Beleaguered Internet health network Drkoop.com, Inc. (Nasdaq: KOOP) announced a $20 million (US$) cash infusion and the appointment of new management Tuesday, just as it was disclosed that the company is under scrutiny from the U.S. Securities and Exchange Commission (SEC).
Drkoop.com acknowledged that it has been hit with several class action lawsuits alleging violations of federal securities laws.
“The SEC is investigating the circumstances surrounding the allegations in the litigations,” the company stated in its most recent earnings report, “and asking that the Company voluntarily provide information regarding such events and circumstances.”
The company stated it is looking into whether action should be taken “for alleged breaches of fiduciary duty and other matters against certain present and prior directors and officers in a stockholders derivative action.”
Drkoop.com said the letter from the SEC regional office “states that the SEC’s request for information should not be construed as an indication by the SEC that any violation of the federal securities laws has occurred.”

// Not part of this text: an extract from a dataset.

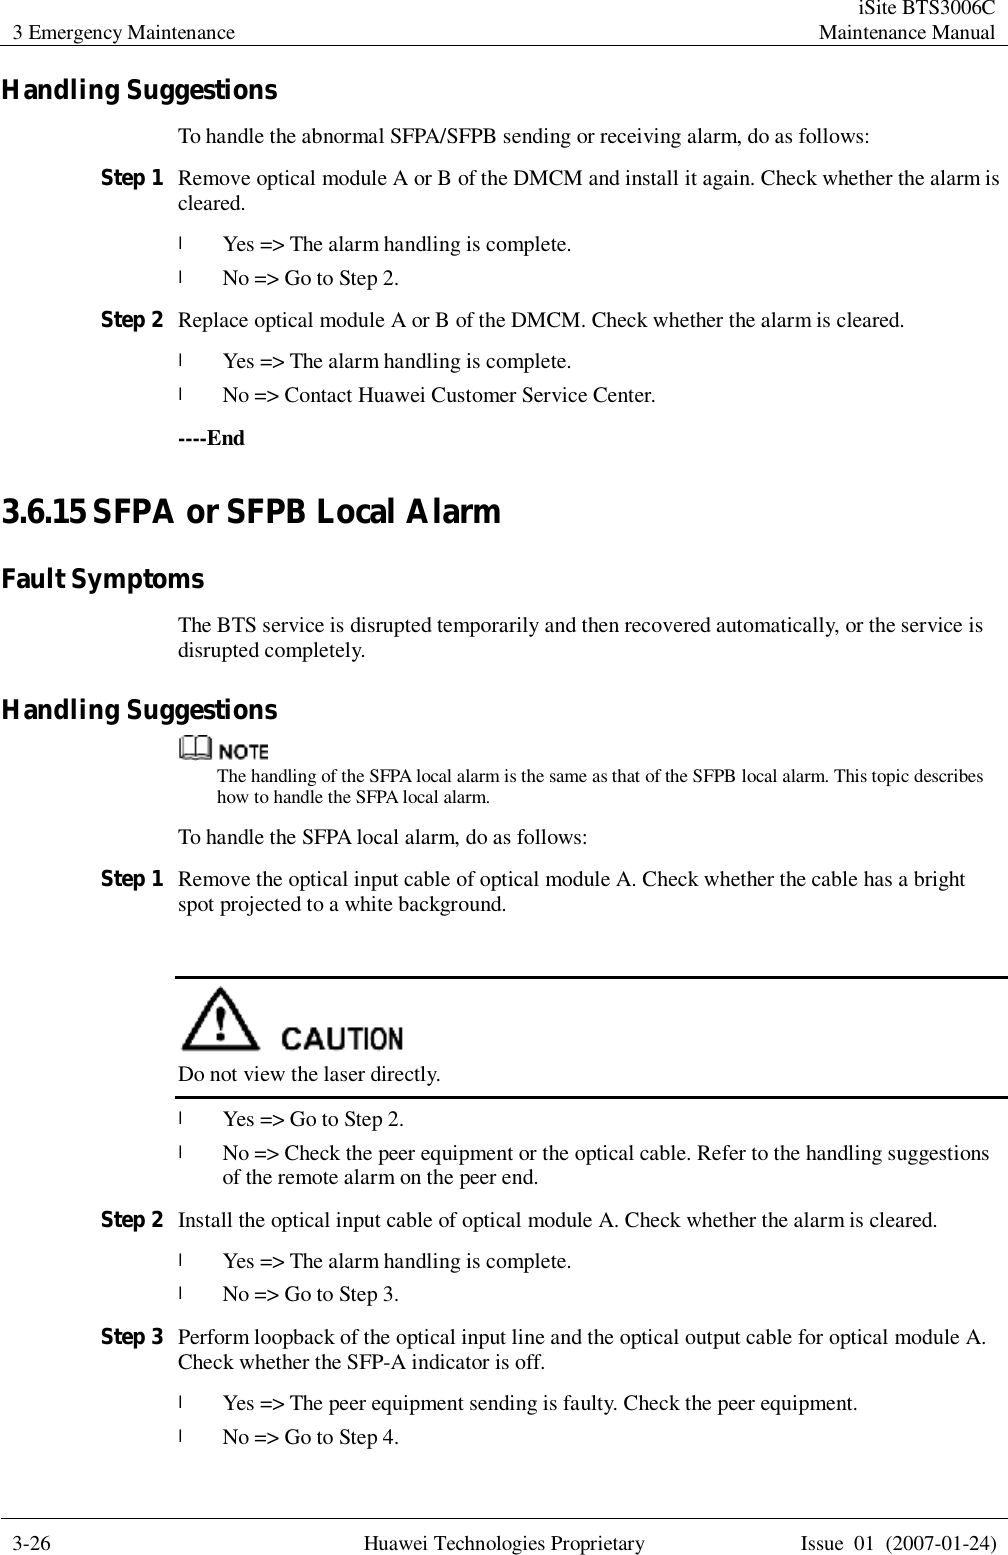 3 Emergency Maintenance  iSite BTS3006C Maintenance Manual  3-26 Huawei Technologies Proprietary Issue 01 (2007-01-24)  Handling Suggestions To handle the abnormal SFPA/SFPB sending or receiving alarm, do as follows: Step 1 Remove optical module A or B of the DMCM and install it again. Check whether the alarm is cleared. l Yes =&gt; The alarm handling is complete.  l No =&gt; Go to Step 2. Step 2 Replace optical module A or B of the DMCM. Check whether the alarm is cleared. l Yes =&gt; The alarm handling is complete.  l No =&gt; Contact Huawei Customer Service Center. ----End 3.6.15 SFPA or SFPB Local Alarm Fault Symptoms The BTS service is disrupted temporarily and then recovered automatically, or the service is disrupted completely. Handling Suggestions  The handling of the SFPA local alarm is the same as that of the SFPB local alarm. This topic describes how to handle the SFPA local alarm. To handle the SFPA local alarm, do as follows: Step 1 Remove the optical input cable of optical module A. Check whether the cable has a bright spot projected to a white background.   Do not view the laser directly. l Yes =&gt; Go to Step 2. l No =&gt; Check the peer equipment or the optical cable. Refer to the handling suggestions of the remote alarm on the peer end.   Step 2 Install the optical input cable of optical module A. Check whether the alarm is cleared. l Yes =&gt; The alarm handling is complete. l No =&gt; Go to Step 3. Step 3 Perform loopback of the optical input line and the optical output cable for optical module A. Check whether the SFP-A indicator is off. l Yes =&gt; The peer equipment sending is faulty. Check the peer equipment. l No =&gt; Go to Step 4. 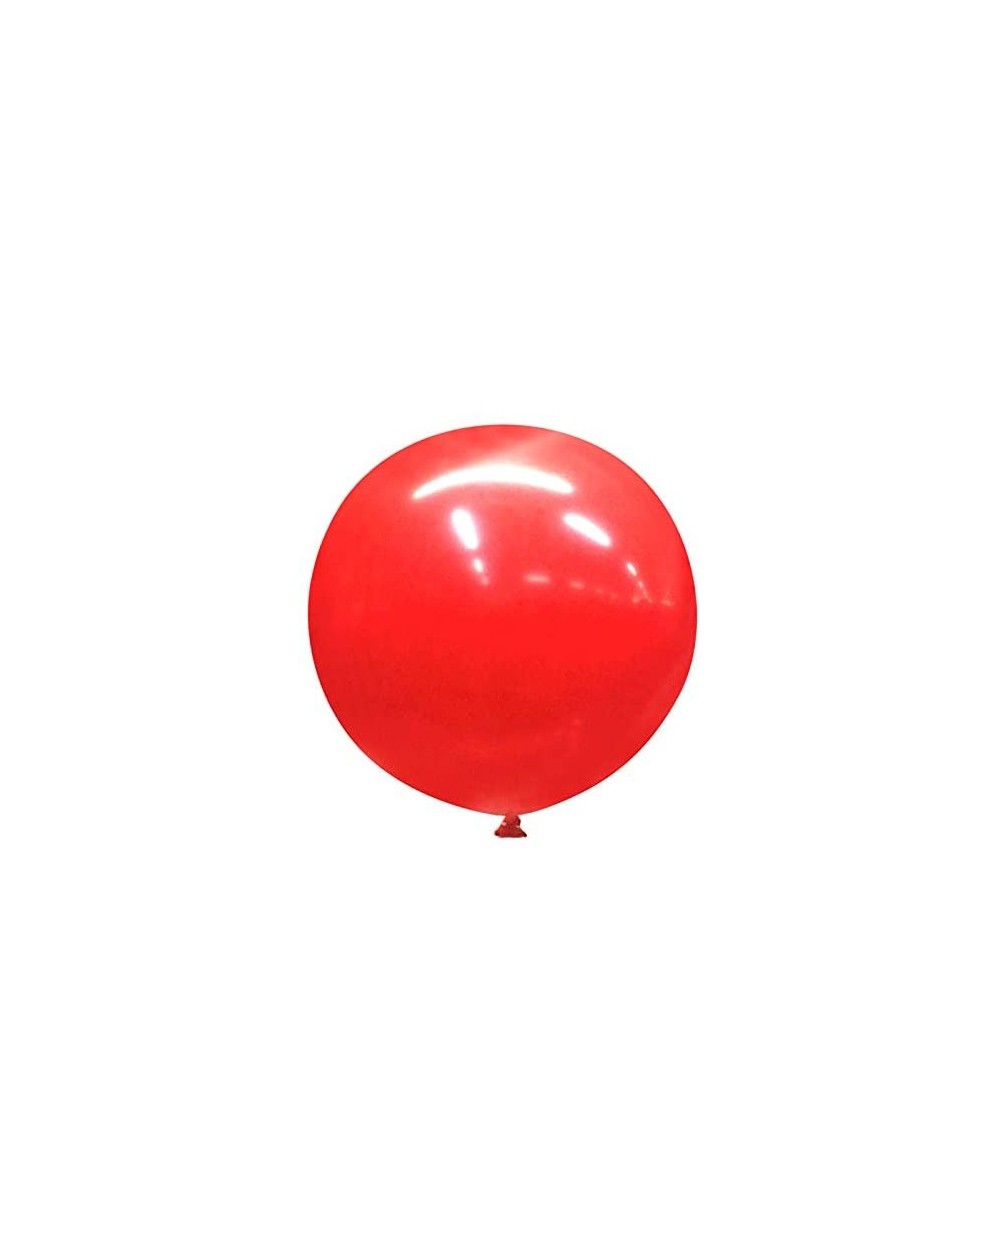 Balloons 36 Inch Giant Latex Balloons- Standard Red Round Balloons for Birthdays Weddings Receptions Festival Party Decoratio...

With respect to the class actions, the company said, “We believe that the claims asserted in the lawsuits we are aware of are without merit and [we] intend to defend these litigations vigorously.”
Pain in the Pocketbook
Drkoop.com said Monday that its second quarter losses widened to $40.6 million. In response, it has been implementing aggressive cost-cutting measures, which include the renegotiations of portal agreements, a substantial reduction in the company’s workforce, and a reduction in its advertising expenses.
The embattled company told the SEC that it filed its second quarter results late because “efforts to pursue significant corporate transactions placed significant demands on our financial staff.”
Such efforts apparently resulted in Tuesday’s announcement of the receipt of $20 million in equity financing, a new management team and a reconfigured board.
The cash infusion comes from a group that includes Prime Ventures, Inc., JF Shea Ventures, Cramer-Rosenthal-McGlynn, Inc. and RMC Capital.
The new management team and its investor group have invested $3.5 million as part of the new financing, which was offered solely to accredited investors in a private placement of convertible preferred stock. The total could be increased to as much as $27.5 million if outstanding overallotment options with identified investors are exercised.
In conjunction with the financing, the company has appointed three new executives. Imall founder and former Excite@Home vice president Richard M. Rosenblatt has been installed as Chief Executive Officer, replacing Drkoop co-founder Donald Hackett. Edward A. Cespedes was named President, and Stephen Plutsky Chief Financial Officer.
Hackett will remain on the board, but the new investors will take control of the board with four new appointments.
The incoming management team currently leads Prime Ventures, a venture capital fund investing primarily in technology and Internet companies.
Rosenblatt, who sold iMall to Excite in 1998, founded the fund in March.